I could not have said it better — Mansions On The Moon gives me all the feels I realize I’ve been missing since I went full-EDM. It’s been a long time since I’ve seen a band play live, and as I’m dancing my head off at their show I further realize their sound is the perfect culmination of everything I love. When do I get to see these guys on the EDC live stage? No offense but fuck deep house, I want to rave to a live band singing about real shit.

And now, since you’ve made it all the way to the end, I get to tell you the Paul McCartney Hamptons belt story. Back in the green room where we started with Ted, he shows me that he’s wearing the actual belt. “I always wear it,” he says. “It’s lucky.” The story goes that Mansions was playing a private party in The Hamptons and at the time employed a lighting guy named Boone who looks exactly like John Lennon.
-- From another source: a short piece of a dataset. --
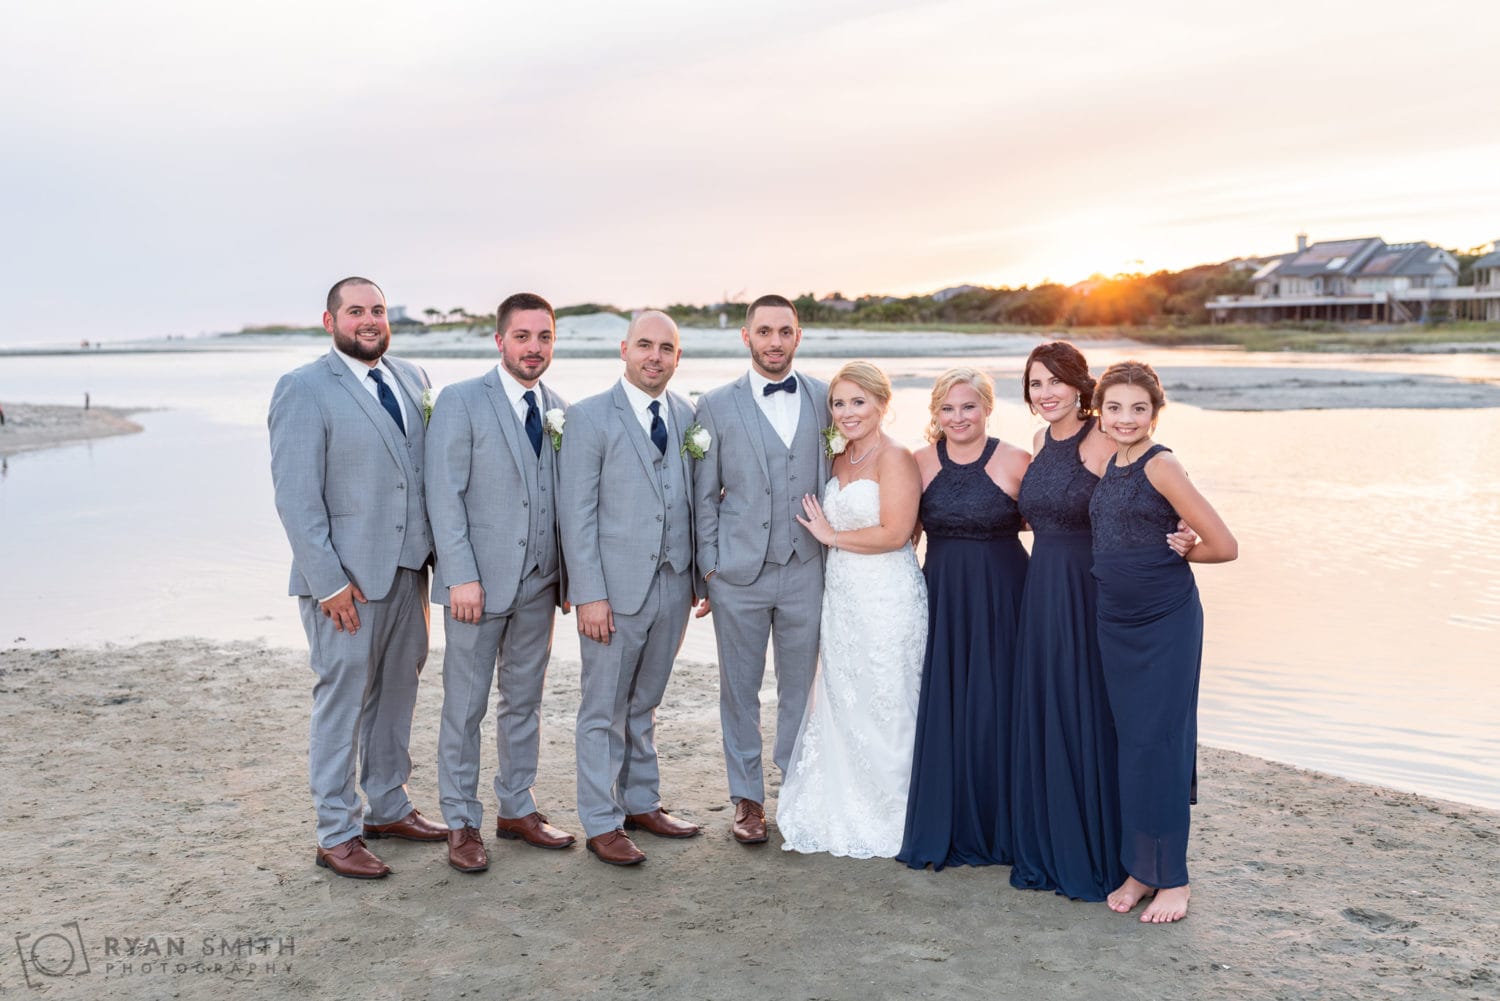 Bridal party in a pretty sunset - 21 Main Events - North Myrtle Beach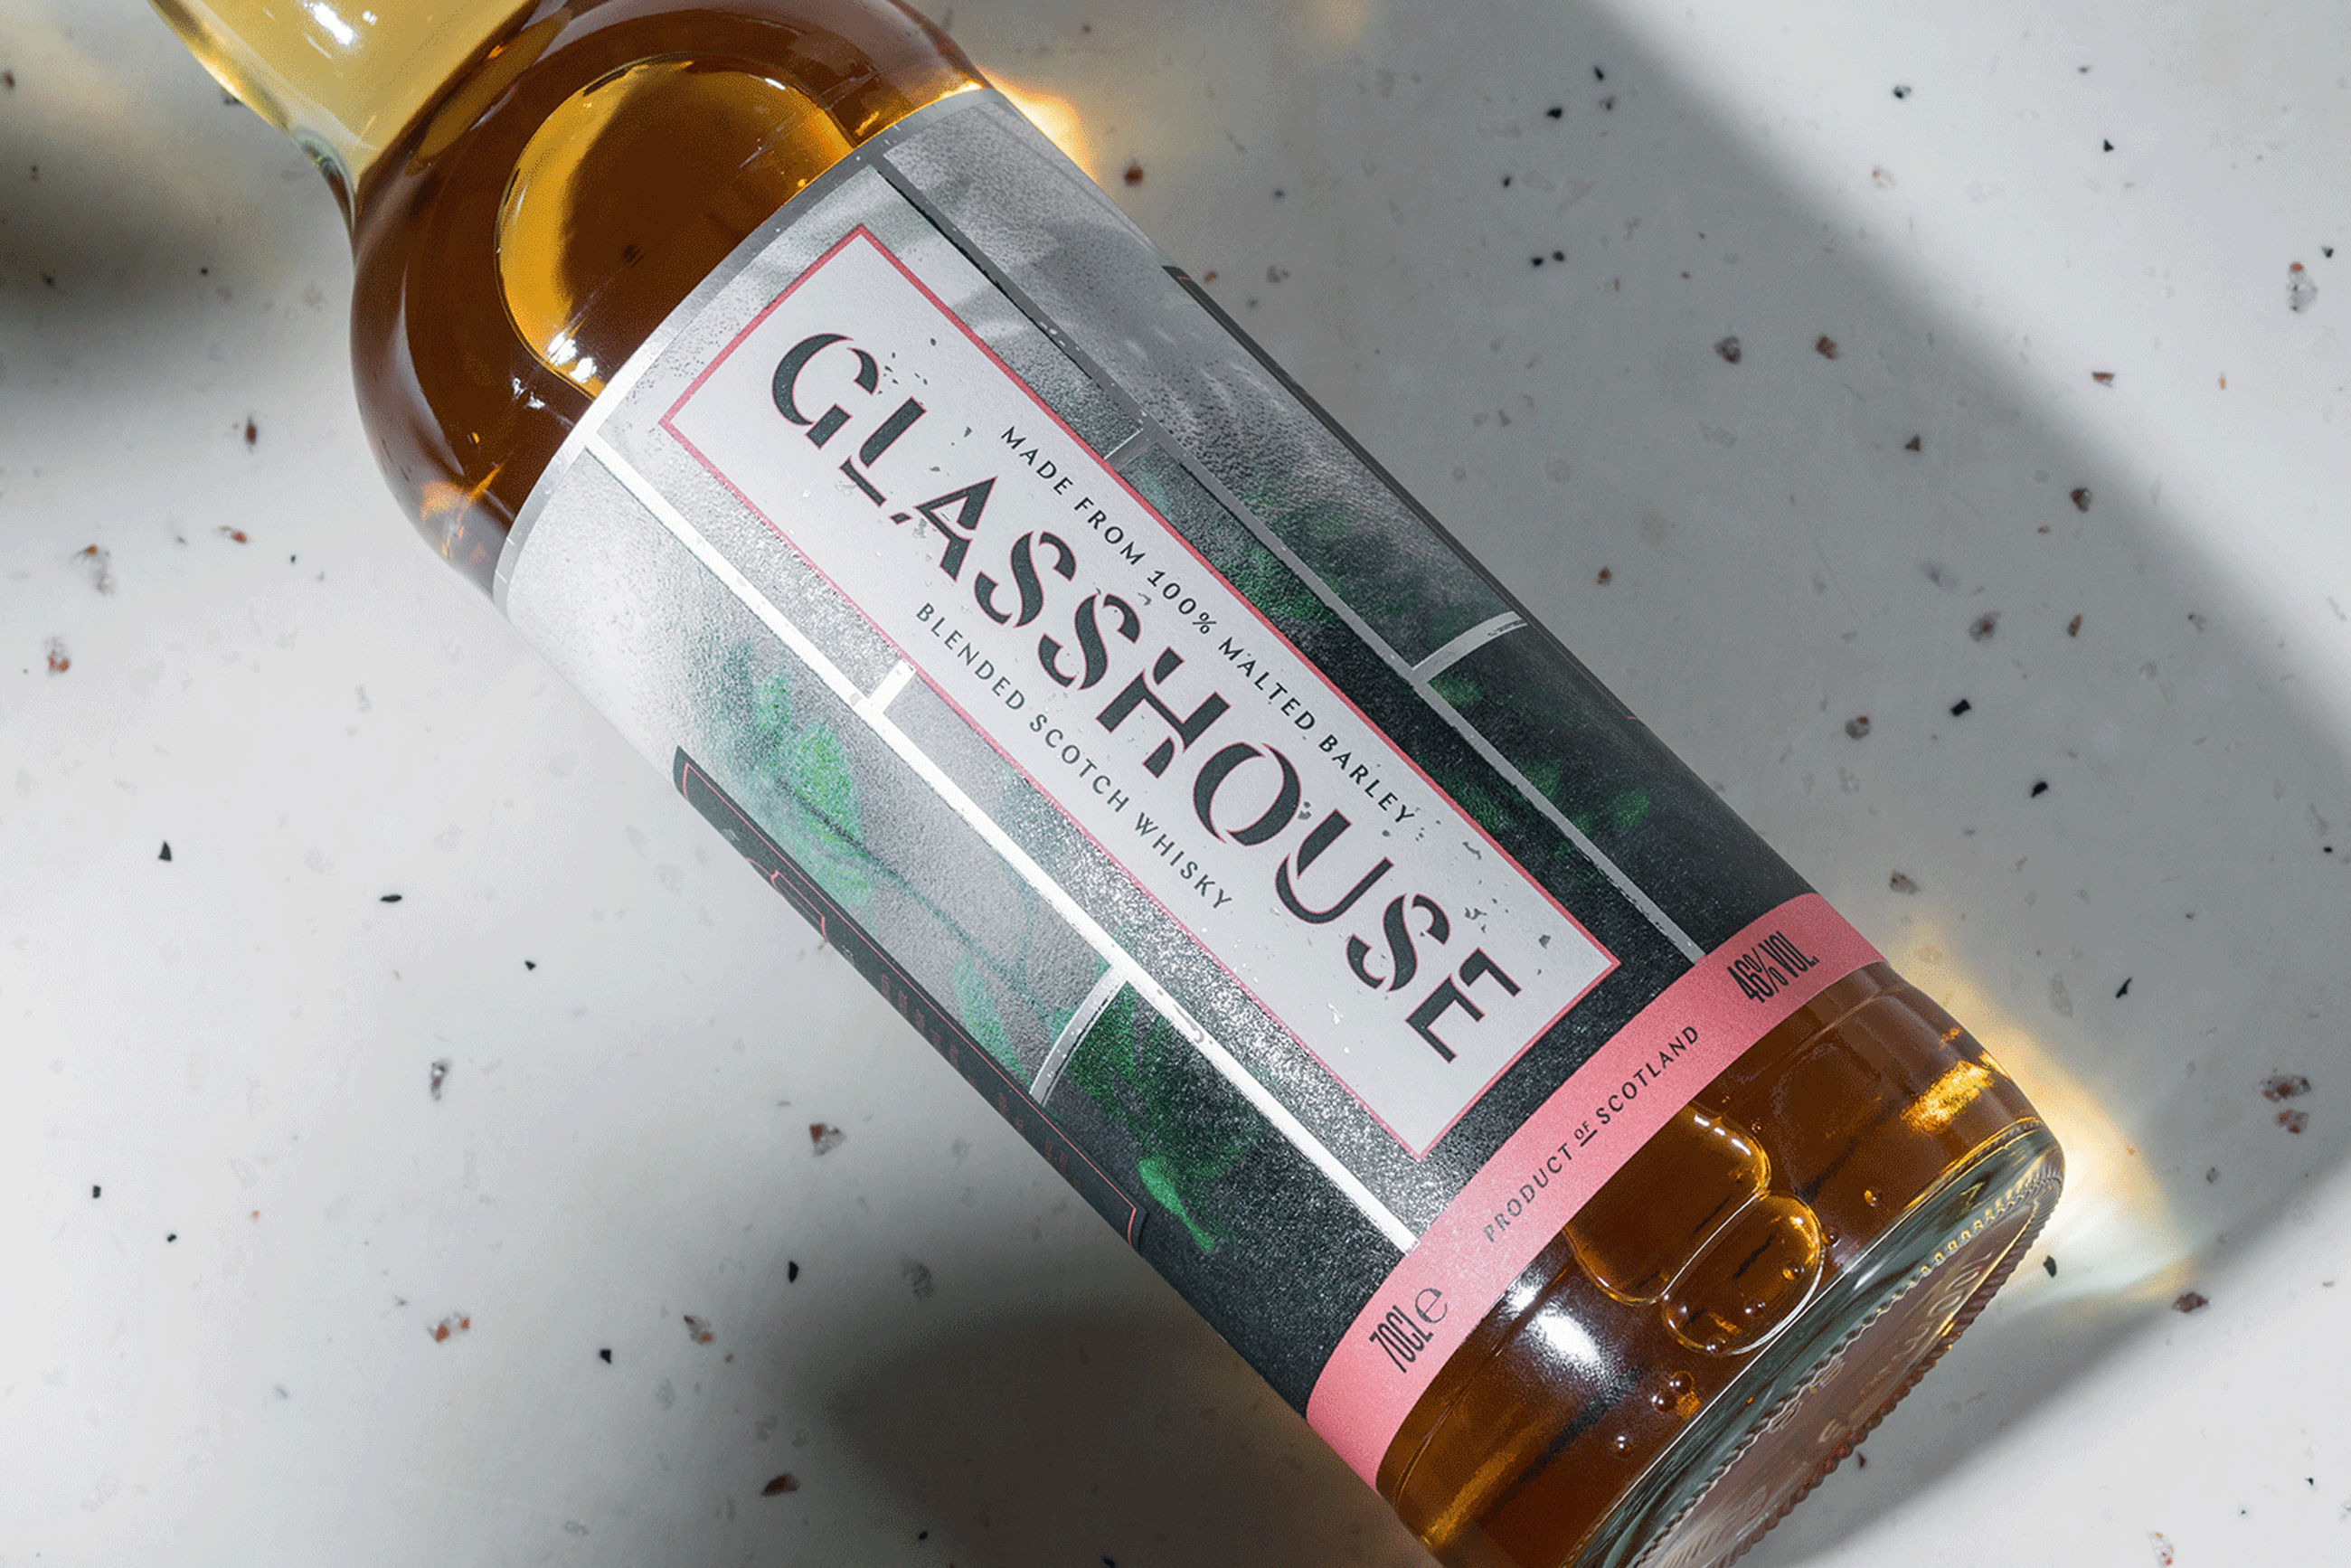 Thirst Craft Shatters Stereotypes With Glasshouse, A Blended Whisky Destined for Highballs

He’s pictured below for reference. Boone and Jeff were walking with Ted, who had lost his belt and was being grossly encumbered by his pants continually falling down.

The exact moment Boone says, “Oh shit, that’s Paul McCartney up there,” Ted finds a perfectly suitable brown leather belt in the street and goes to retrieve it. According to Jeff, Paul’s on a bike with his daughter and he’s just staring at Boone with some kind of wonderment. We ask for a picture and Paul says, ‘No, man. The reason we come to Hamptons is so we can get away from all that paparazzi stuff.’ There was such a mix of emotion on his face and he asked if we’re ‘in a band or something?’ We told him we were.” In that moment, Ted walks up triumphantly holding the belt attempting to explain its synchronistic significance to the group. The Tour Gods had swallowed most of his clothes the night before and he was wearing just a blazer with jeans and no shoes.

Sir Paul says, “Well, what say we all cross the street?” “As we walked, I realized that we were all crossing the street with Paul McCartney just like the cover of Abbey Road,” said Jeff, only this time it was Ted not wearing shoes instead of Paul. The Beatles’ legacy may be wasted on Kanye fans, but not on these guys. Here’s hoping in 2015 our scene catches up to the magic that is this band, their story is only going to get more wild. Pharrell gets it, Paul McCartney gets it – one listen of the Mansions On The Moon album and you’ll get it too.